STORED DATA:
========================================================================
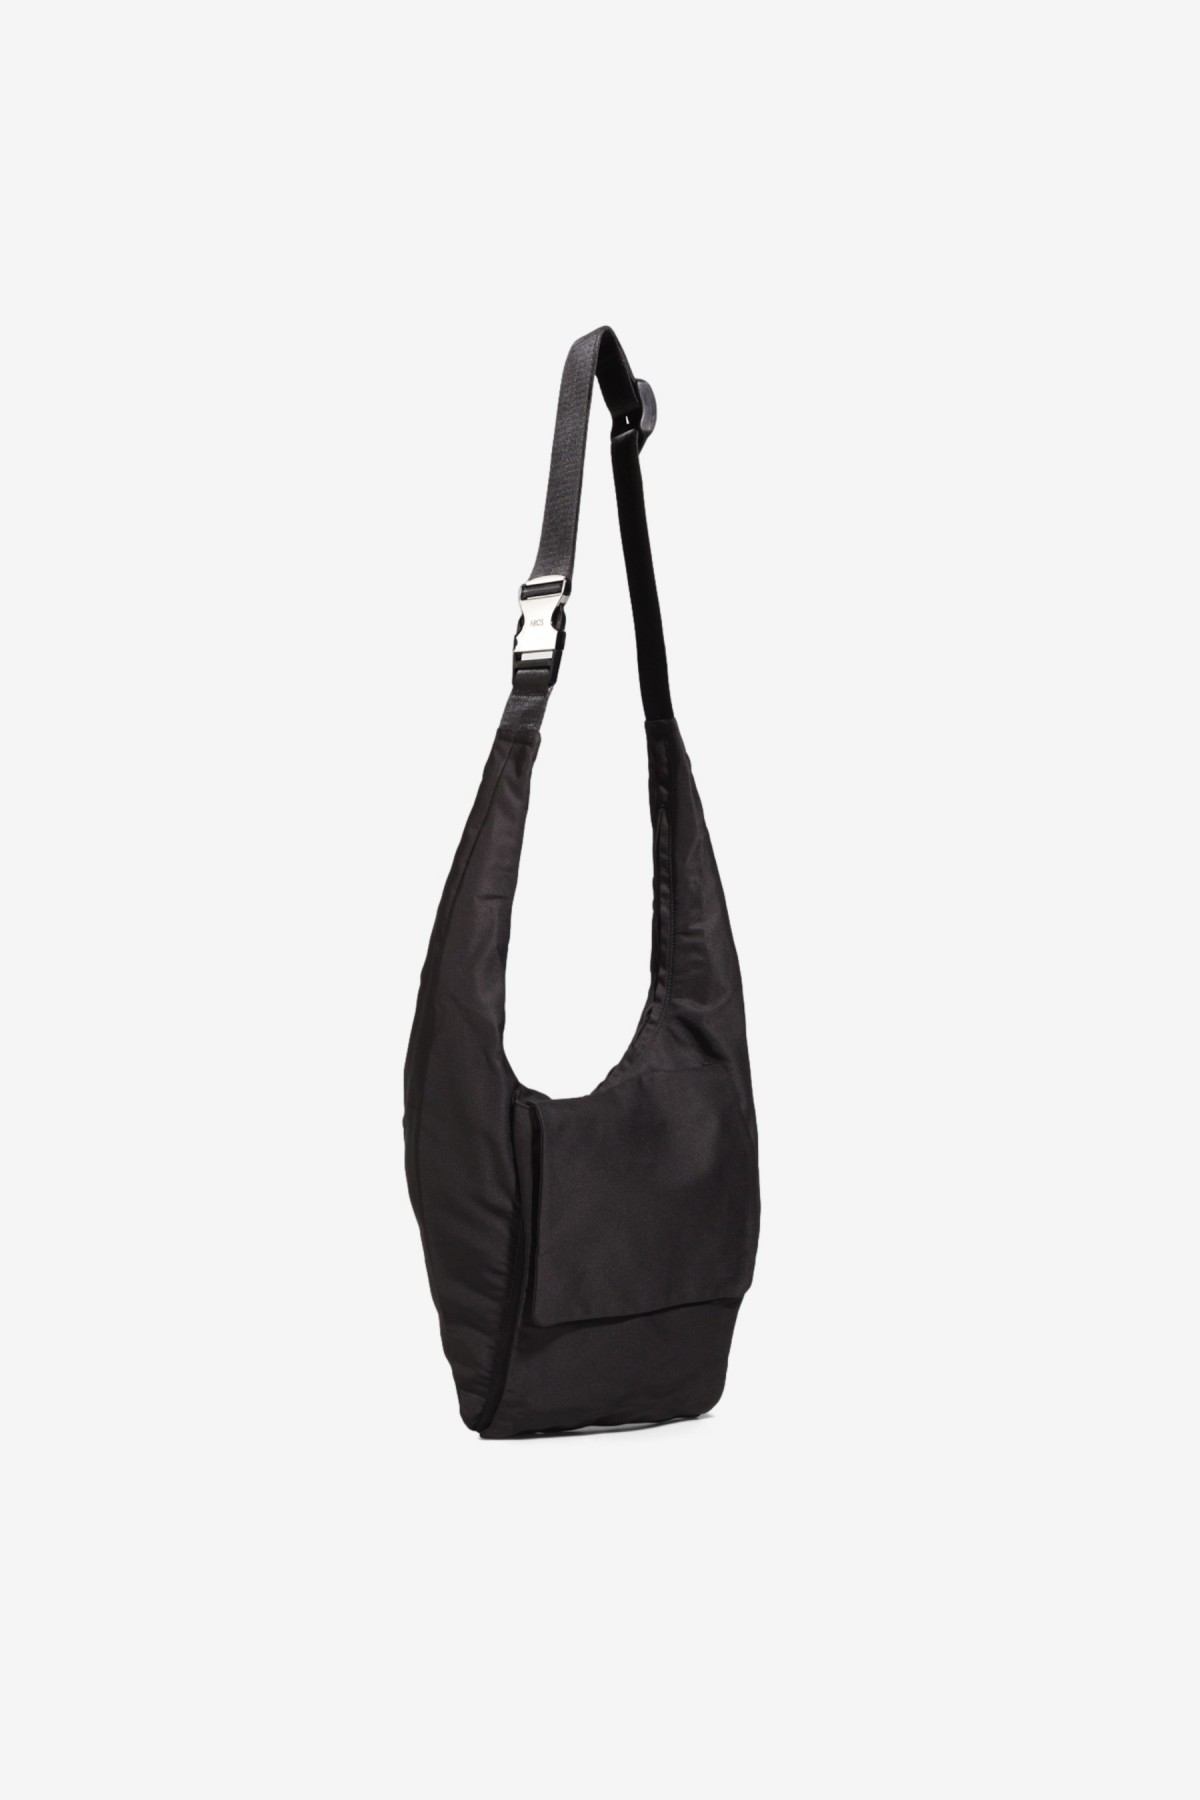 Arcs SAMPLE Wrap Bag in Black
========================================================================
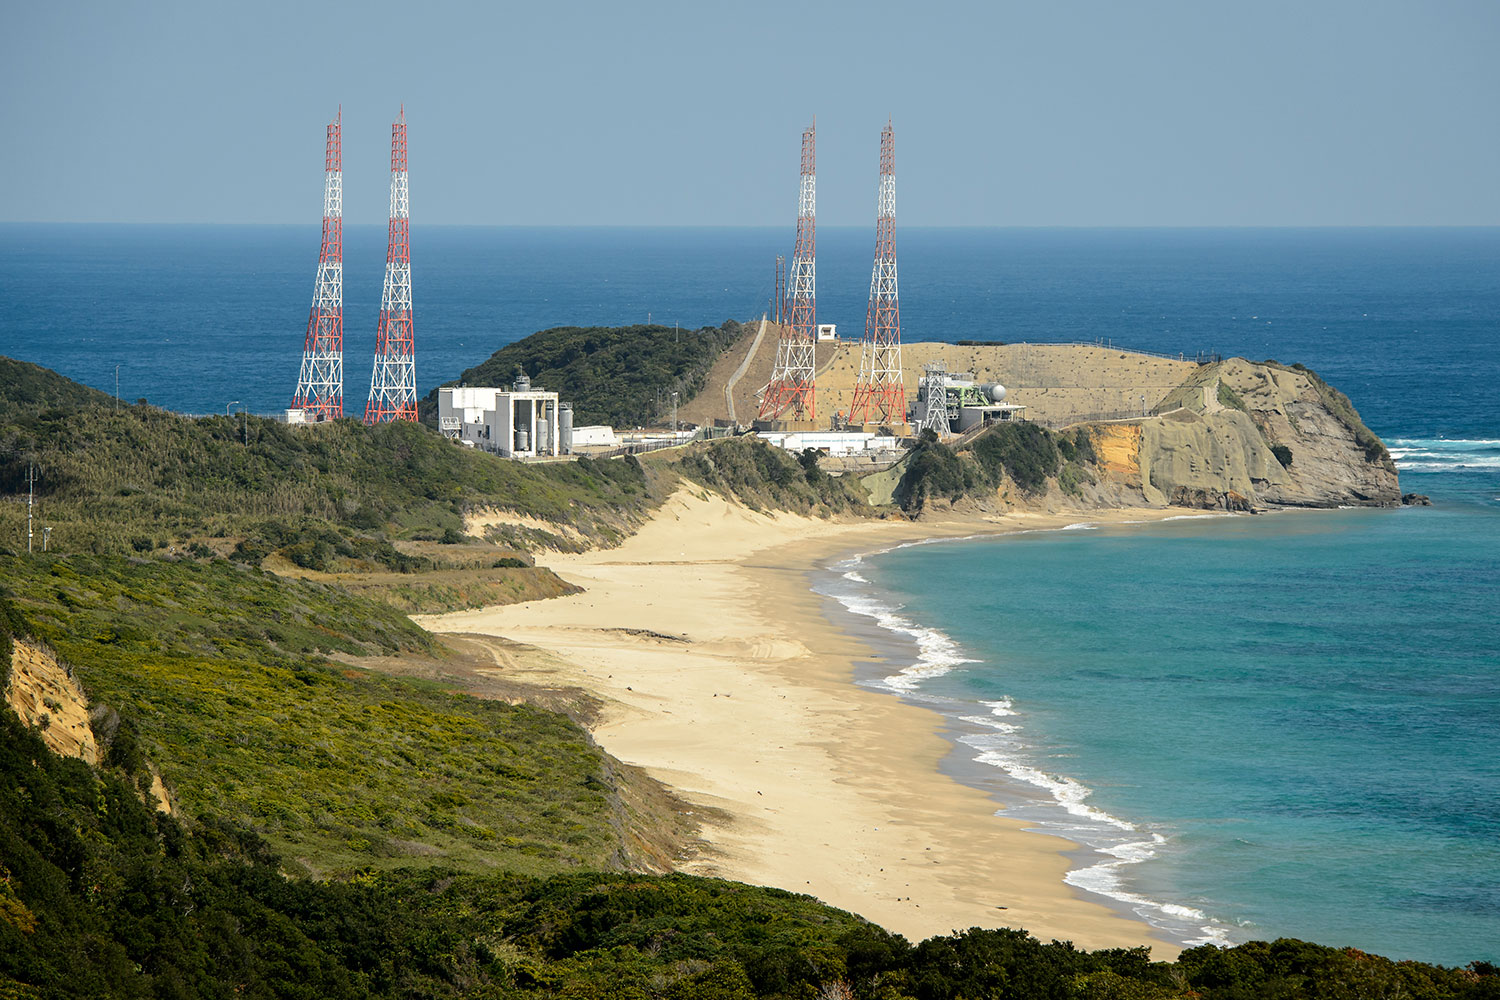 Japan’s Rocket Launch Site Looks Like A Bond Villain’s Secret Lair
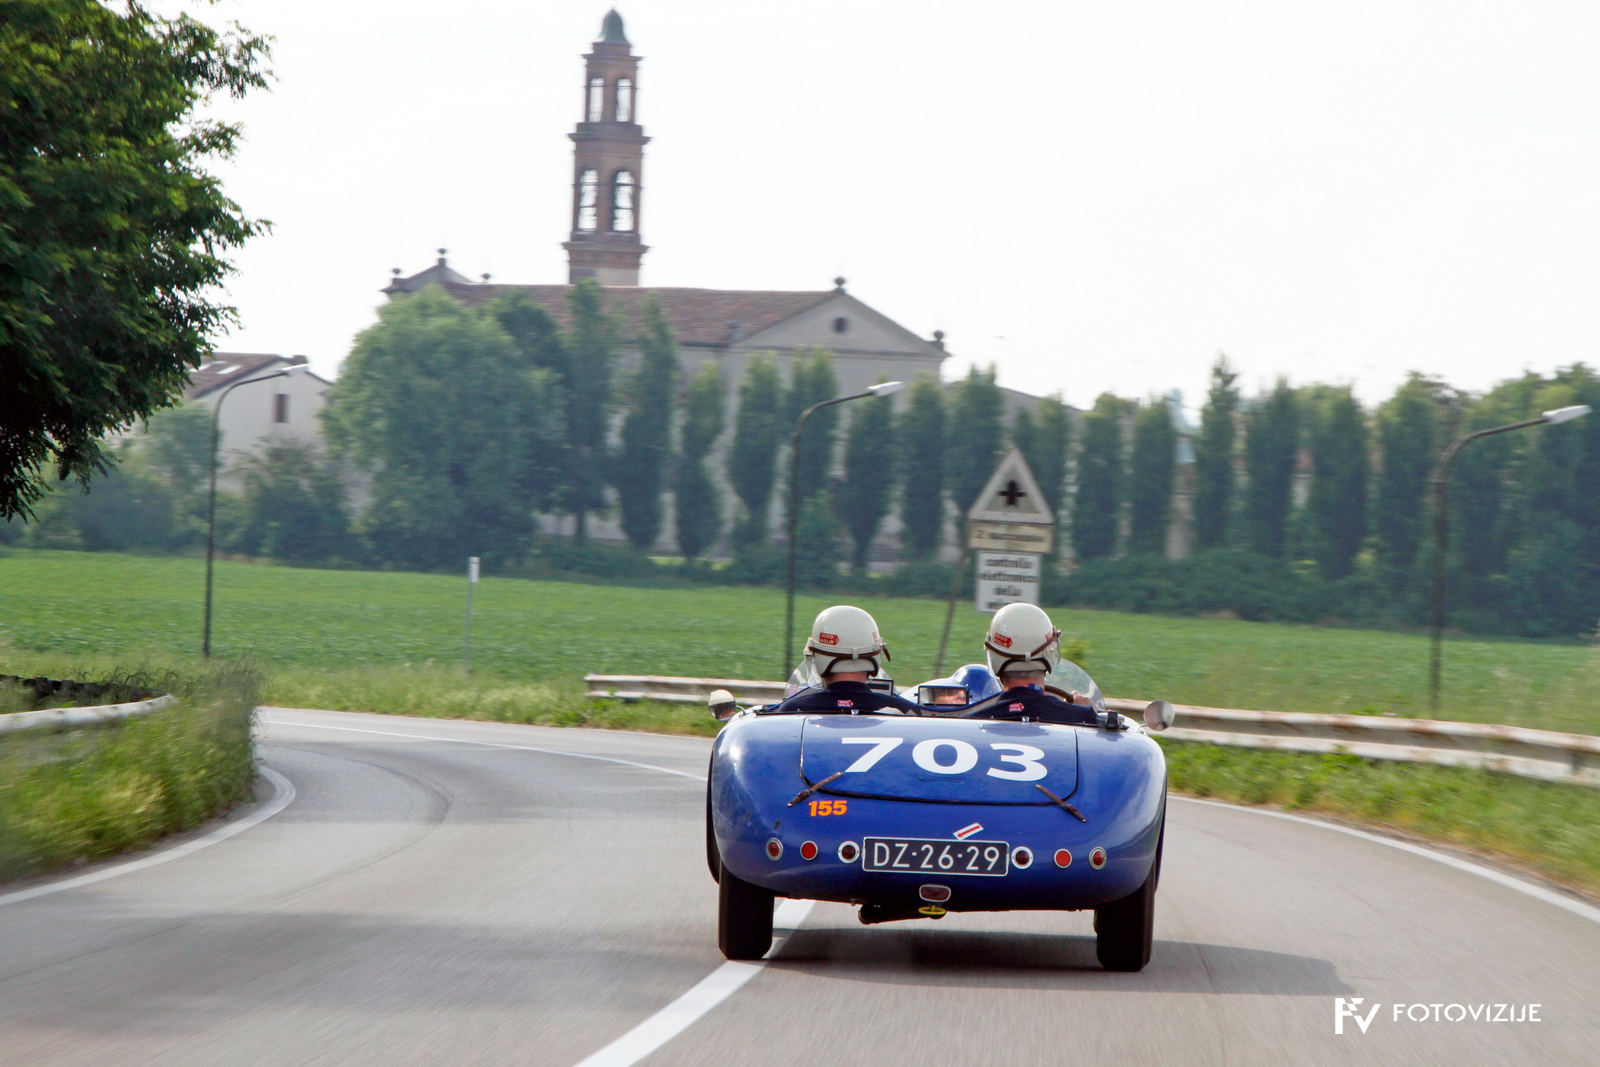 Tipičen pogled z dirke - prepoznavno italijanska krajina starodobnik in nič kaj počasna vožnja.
========================================================================
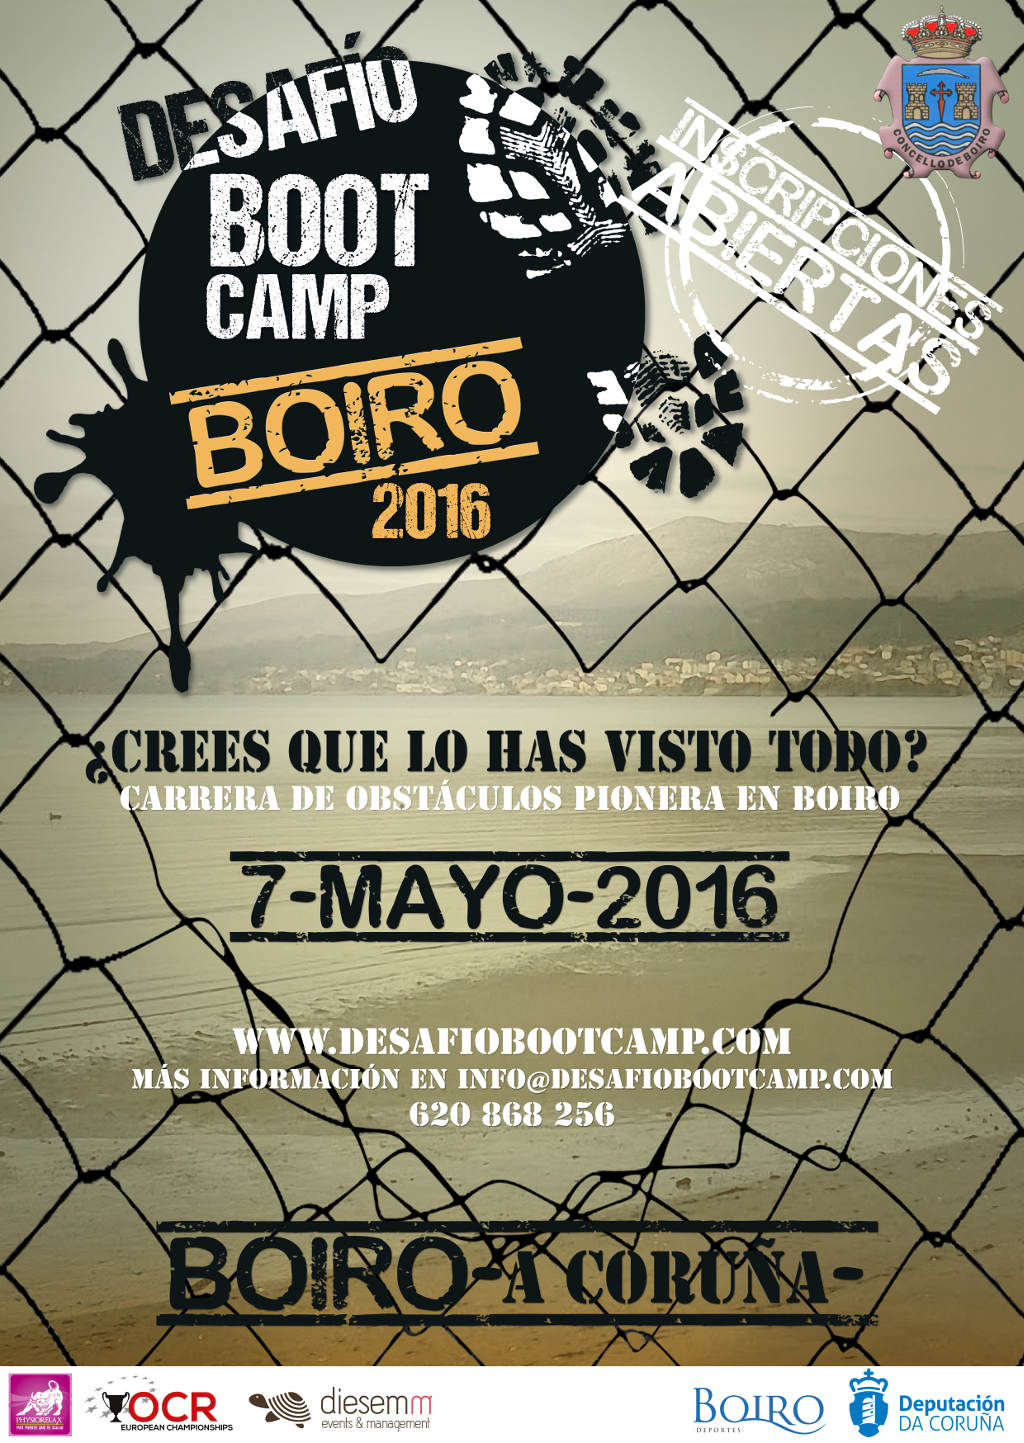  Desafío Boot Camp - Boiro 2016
========================================================================
TASK GOAL:
Pictures do not belong in the answer. Return the lines above starting at the one with "Japan’s Rocket Launch" and ending at the one with "Tipičen pogled z", both kept, exactly.

TASK ANSWER:
 Japan’s Rocket Launch Site Looks Like A Bond Villain’s Secret Lair
 Tipičen pogled z dirke - prepoznavno italijanska krajina starodobnik in nič kaj počasna vožnja.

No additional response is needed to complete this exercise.